Store the remaining PCR products at -20°C.
Product Validation
Gel Imaging
- Carefully remove the gel and place it in secondary containment.
- Image the gel using a gel documentation system.
- Save the gel image to a flash drive.
- Clean the gel station and dispose of the Ethidium bromide gel in the appropriate waste container.
Expected results:
- Wildtype reversion: bands at same height as control
- Knockout: band shifted lower (missing deleted region)
Data Analysis:
- Compare band sizes to the ladder and wildtype control.

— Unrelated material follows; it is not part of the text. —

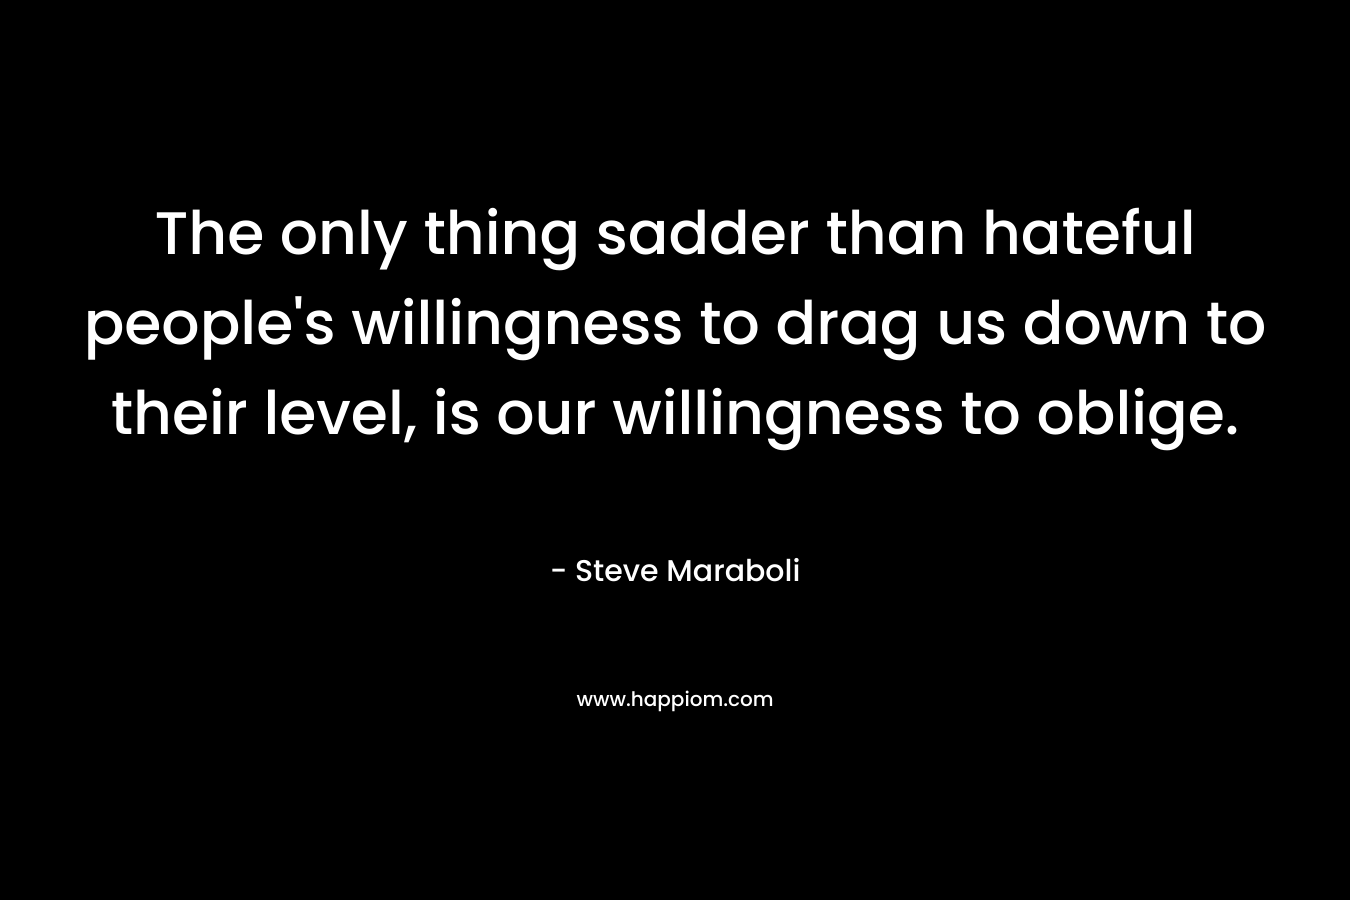 The only thing sadder than hateful people’s willingness to drag us down to their level, is our willingness to oblige. – Steve Maraboli

- The difference in size between wildtype and a knockout should be equal to the length of the region targeted for deletion.
- Compare expected band sizes using Benchling files created during primer design.
1 kb Plus DNA ladder (NEB #N3200) reference ladder
Sequence Validation
DNA Cleanup
Use the Zymo Scientific DNA Clean & Concentrator-5 Kit (D4004) to purify linear DNA for PCR products with the knockout band size, following manufacturer’s instructions.
Elute DNA in nuclease-free water.
Sequencing
Submit 10 µl of purified linear DNA (20–200 ng/µl) from one PCR product to a sequencing provider such as Plasmidsaurus (Oxford Nanopore sequencing).
Store purified linear DNA samples at -20ºC.
Compare the sequence in Benchling to the original sequence from the Unmarked_Gene_Deletion_Ralstonia_Primer_Design step to ensure only the deletion target is missing and there are no mutations elsewhere.
If incorrect, sequence another DNA sample until a correct knockout is identified or all samples have been exhausted.